The point I was making wasn't that errors were necessarily bad, if they
could detect something useful, but that the error wasn't detecting
anything particularly useful as there was an intrinsic race, and was
thereby claiming by incorrect guesswork that the PID wasn't a child of
the shell (and trying to claim that's OK because it no longer is is the
sort of argument that will annoy users, who want things to work without
long justifications).  It's incorrect no matter how long it's been
there.

In any case I don't think using wait in this fashion is useful
interactively.  It's replaced by job control.  If you turn off job
control to rely on a system designed for scripts that therefore has no
notifications you are shooting yourself in the foot.  If you use the
scripting-style mechanism you accept the consequences.

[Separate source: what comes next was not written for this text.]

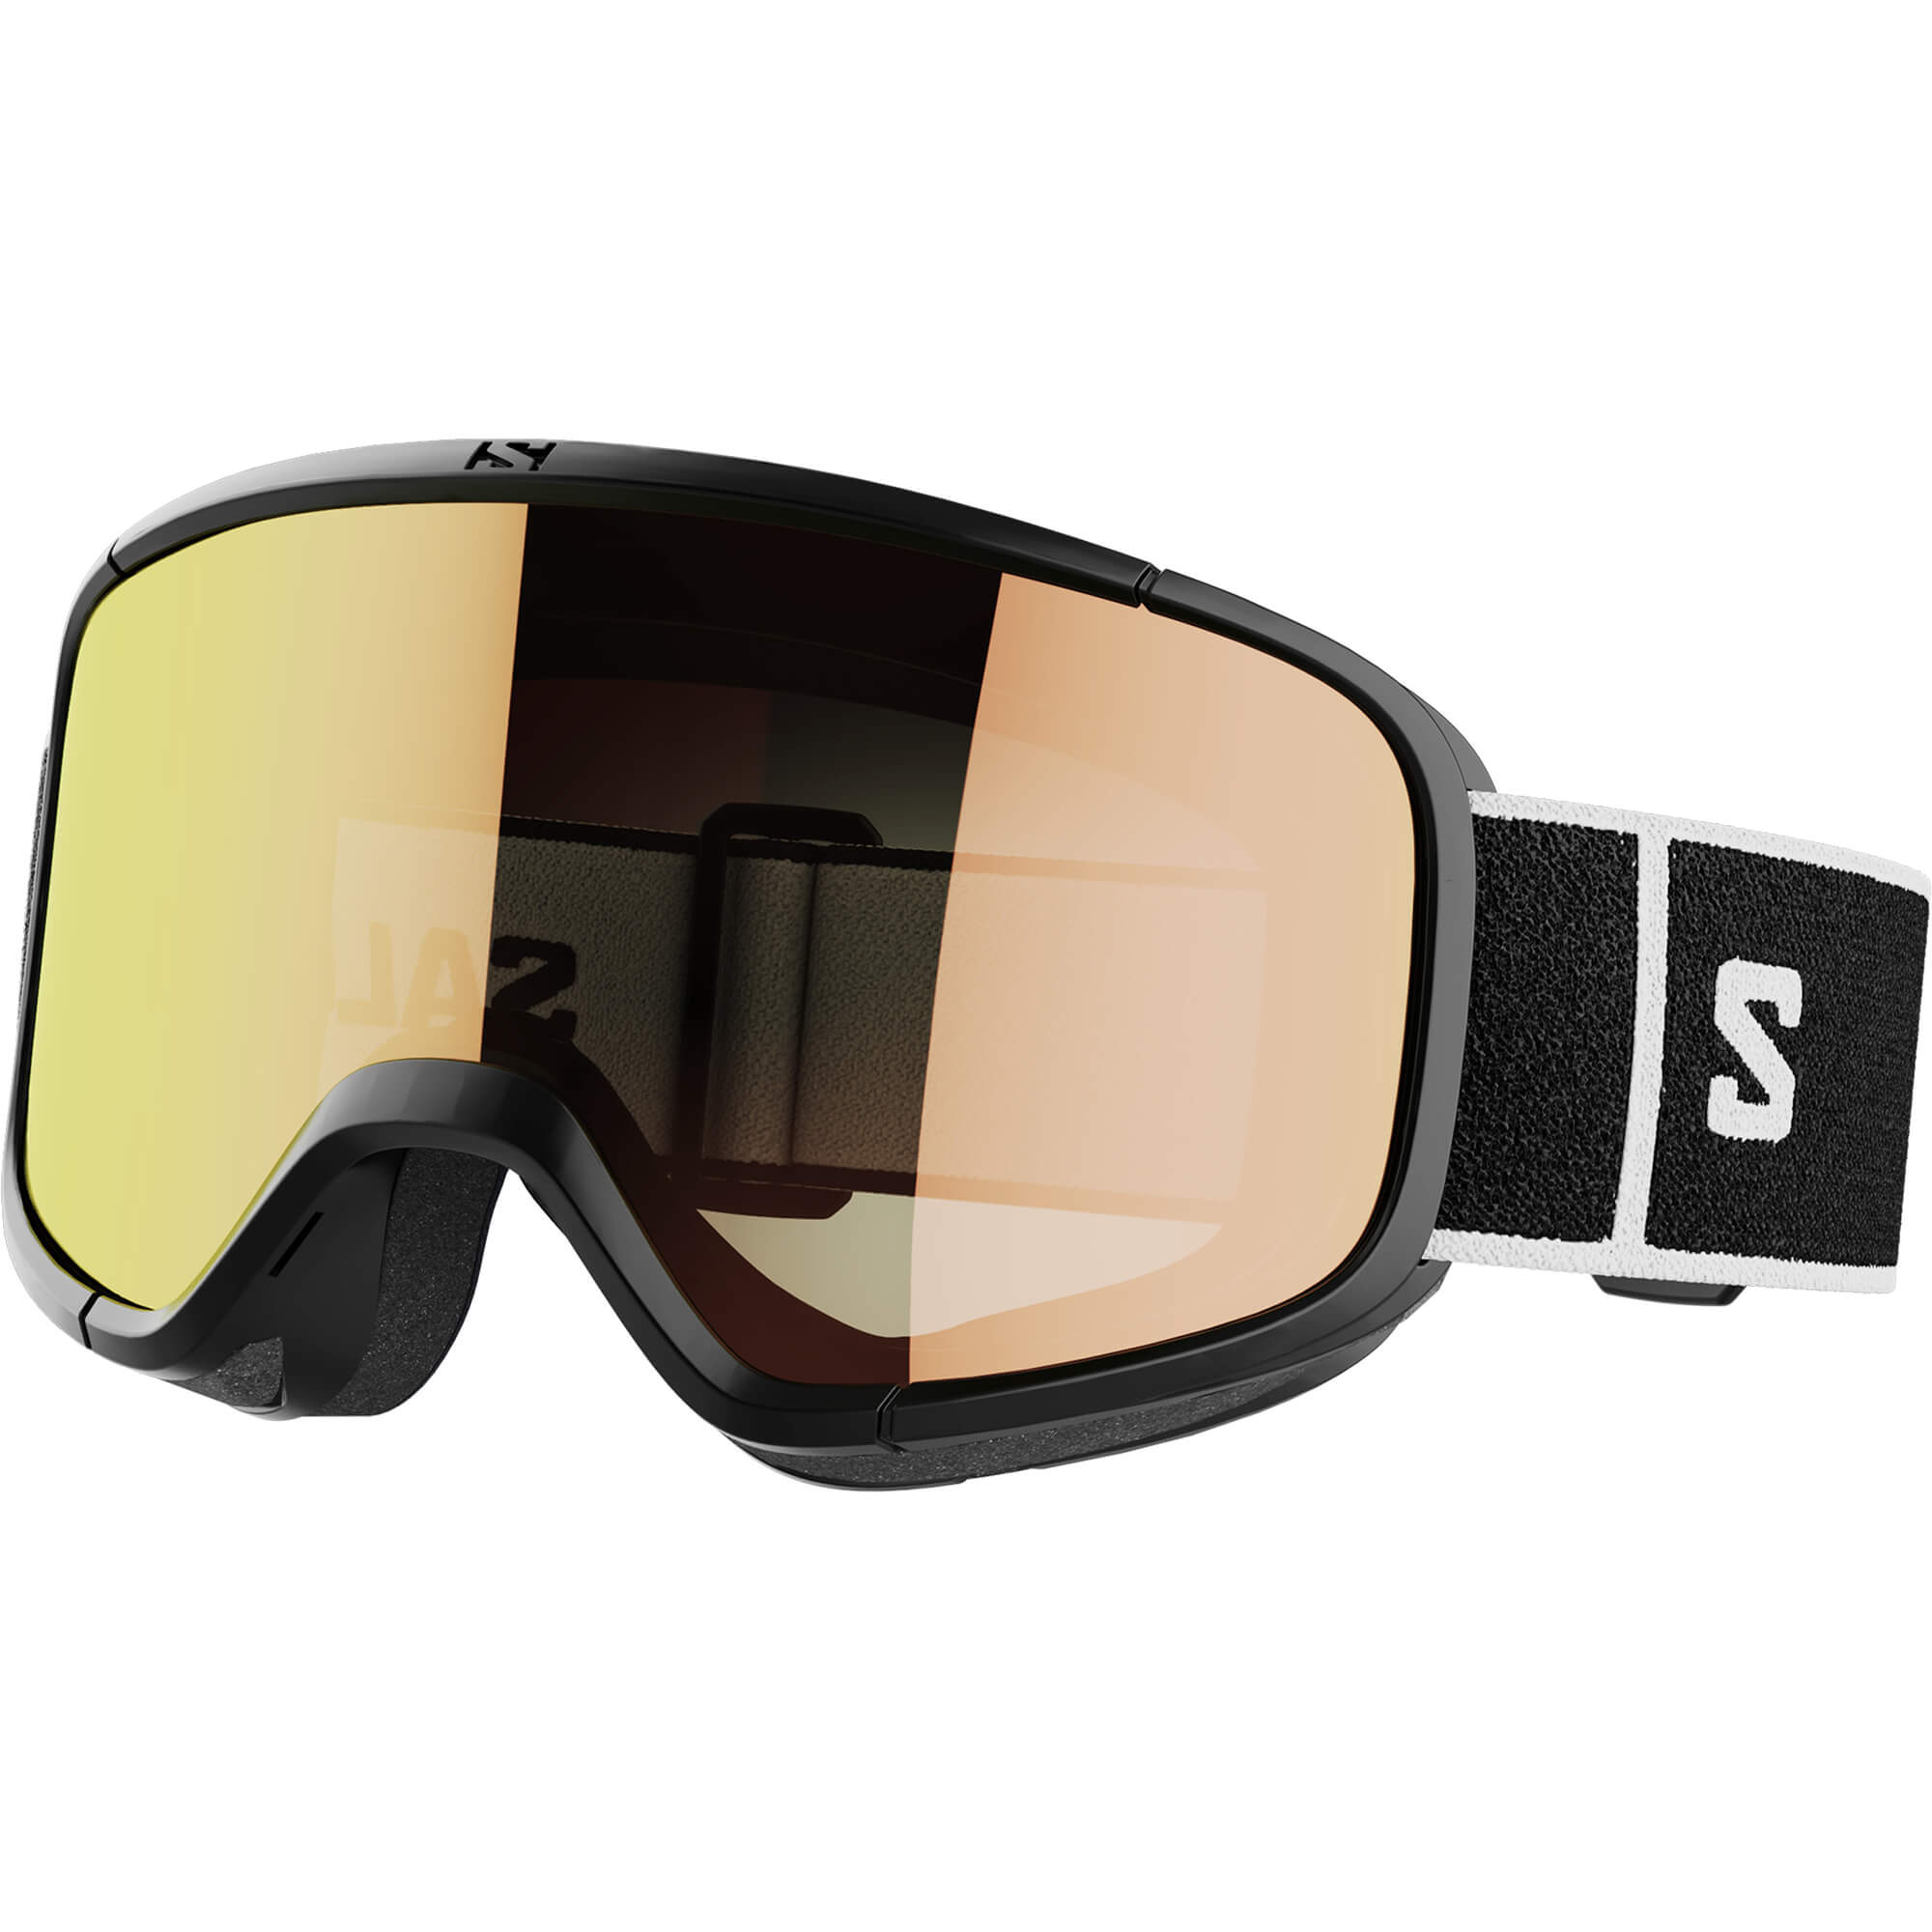 Genveje affald Stillehavsøer Salomon Aksium 2.0 Snowboard/Ski Goggles | Absolute-Snow

(Not sure it's even worth arguing about, but it's Saturday and I'm no
longer on git duty...)

Here's an implementation.  I've given it the obvious finger test, but
there may be some more stressful tests we could apply.  Note I'm only
recording background PIDs, since the user can't explicitly wait for
foreground PIDs; it's possible I've missed a case where something can
be in the background but that would suggest the job is wrongly recorded.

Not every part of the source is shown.